Xorg Error: Failed to initialize DMA and PCIe Error in slot for RTX 5000 GPU

During several mouths of program development, we totally met a PCIe issue for 7 times on 7 different consoles. Six of them happened on slot for RTX 5000 GPU and only one happened on slot for Dip card (GE device which is used to acquire data from Xray detector) after software crash/shutdown when doing scanning (GPU is working for recon). Till now we have not find a way to reproduce this error.

We successfully collected some logs in last 3 times on the system where the error happened (Slot 4: RTX 5000), and found below error message in Xorg.0.log.old (not Xorg.0.log)

(EE) NVIDIA(GPU-1): Failed to initialize DMA.
(EE) NVIDIA(1): Failed to allocate push buffer

In the starting before the error message is showed, an abnormal reboot happened and no below message is showed in /var/log/messages before reboot.

2019-08-27T07:51:22.243428+08:00 ct25 gdm-autologin]: pam_unix(gdm-autologin:session): session opened for user ctuser by (uid=0)

Below attachments are uploaded:

  1. The screenshot when the error was showed
  2. ct99-issue-…NVIDIA bug report from console where the issue happened
  3. ct25-normal-…NVIDIA bug report from console where no such happened

Below is the situation in this 7 happening:

  1. System crashed after an axial scan then this issue (Error on Slot for Dip card)
  2. During App installation, this error happened after OS installation (app not installed yet)
  3. During App installation, this error happened after app installation (app installed, but not rebooting)
  4. (Update details after checking with colleague )
  5. Configuring on CT software then reboot system as system required. During OS shutdown, screen became black(nothing showed) and freeze until tester power off forcefully.
  6. Forcefully powered off system for two times
  7. Issue happened during executing reboot HAST. This HAST was executing to reproduce issue

PCIE-error.jpg
ct25-normal-nvidia-bug-report.log.gz (2.01 MB)
ct99-issue-nvidia-bug-report.log.gz (2.01 MB)

PCIE-error.jpg

That rather looks like a HW problem and since it also happened with a different pcie card this might be the mainboard failing.
Please try reseating the card, maybe even changing slots if possible.

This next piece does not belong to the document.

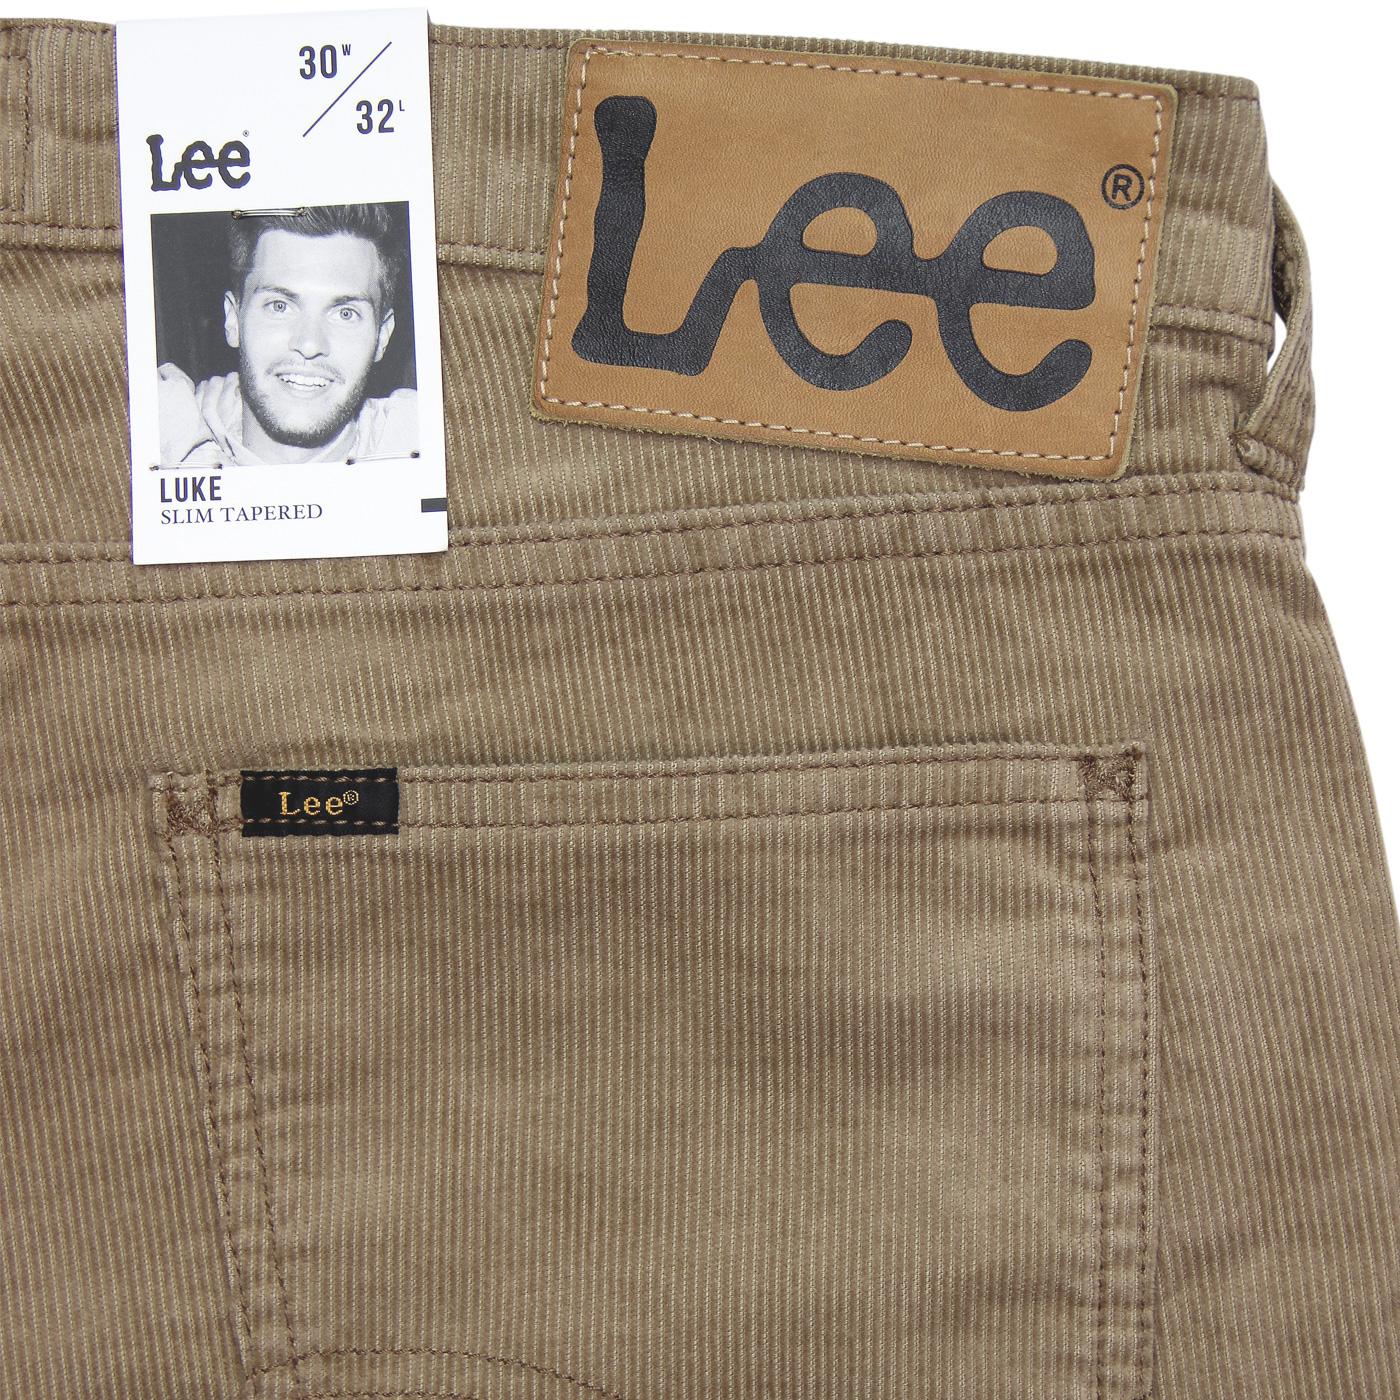 lee cords jeans
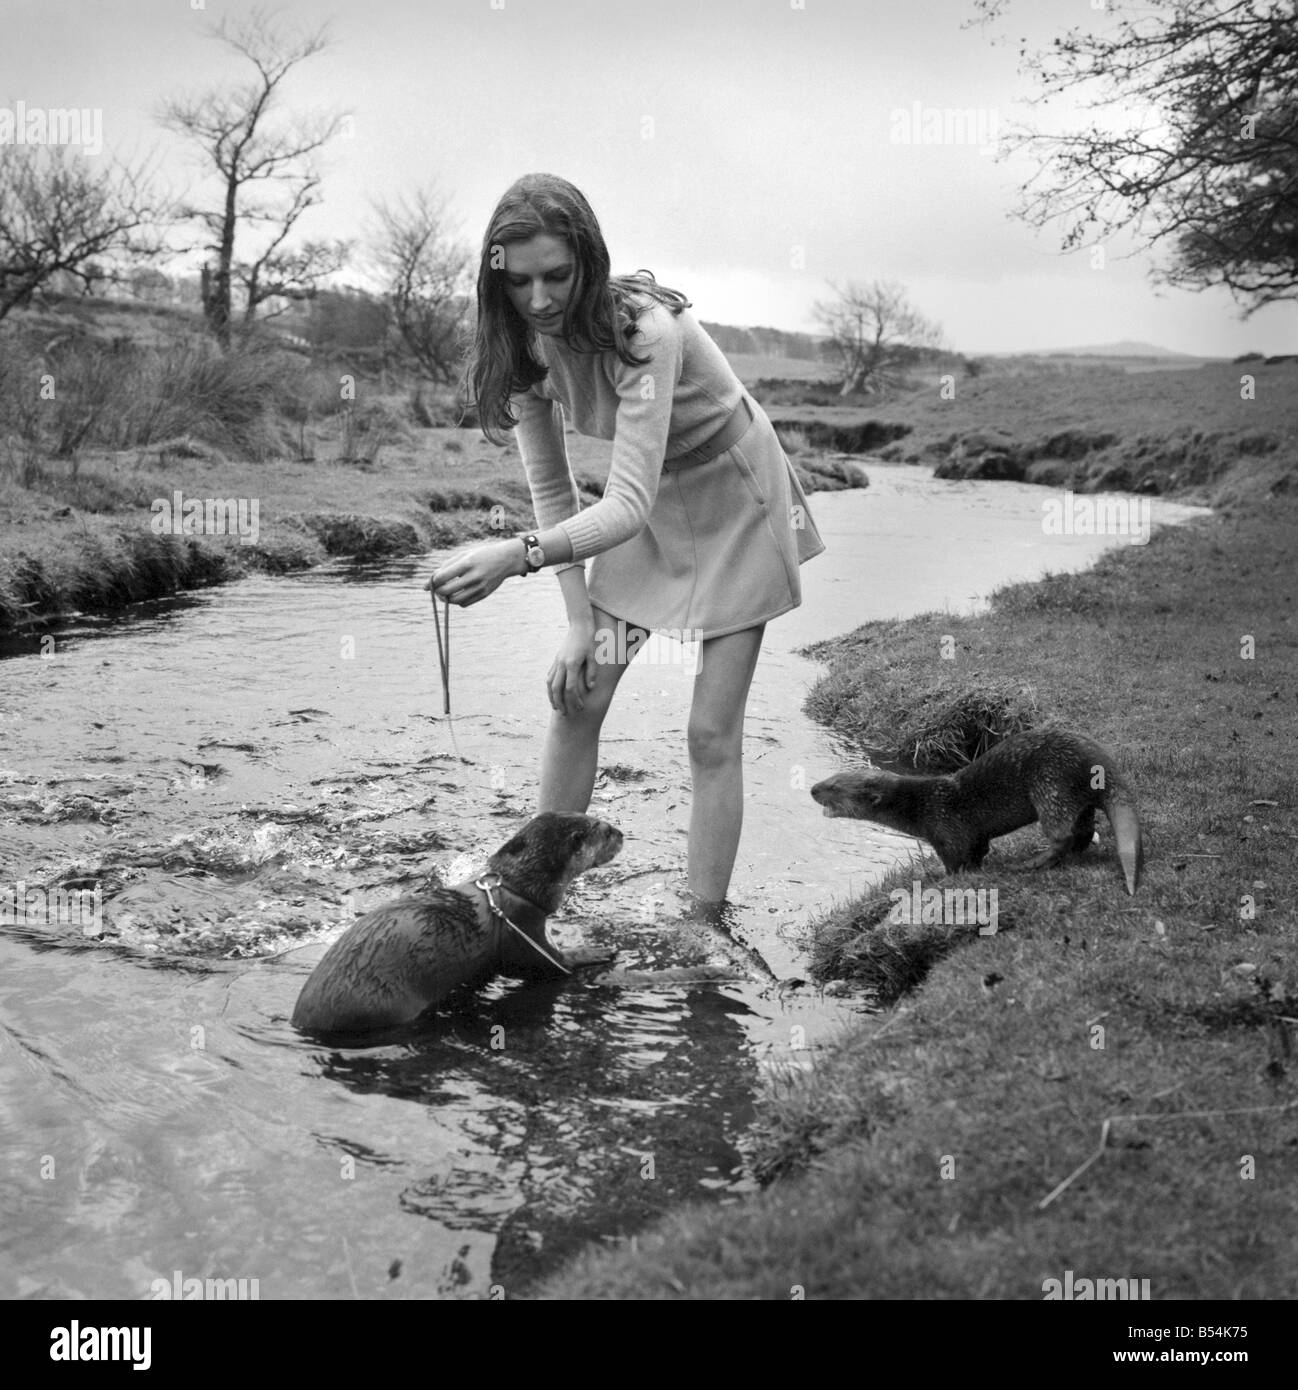 ix Malayan otters are the pets of Vivien Taylor (23) of Bury, Lancs, at her isolated cottage in a lonely part of Dartmoor near Postbridge. She is training the otters for filming next Spring, when the 'star' otter 'Feets' will share the leading role with boy star Mark Lester in a film called 'Loki' about the boy and his strange pet, to be made in Canada. On the bank of the stream near her cottage, Vivien exercises the otters. The 'star' Feets is the otter on a harness and lead. November 1969 Z10877-002 Stock Photo

Thanks for your suggestion. This issue already happened in different system. However it cannot be reproduced currently so it is very hard to investigate. We are trying to reproduce it by reboot system again and again and it was already reproduced twice on same system in this testing.

For our produce each slot is assigned for different devices, so we cannot change slots to resolve it. We need to figure out the root cause and fix it.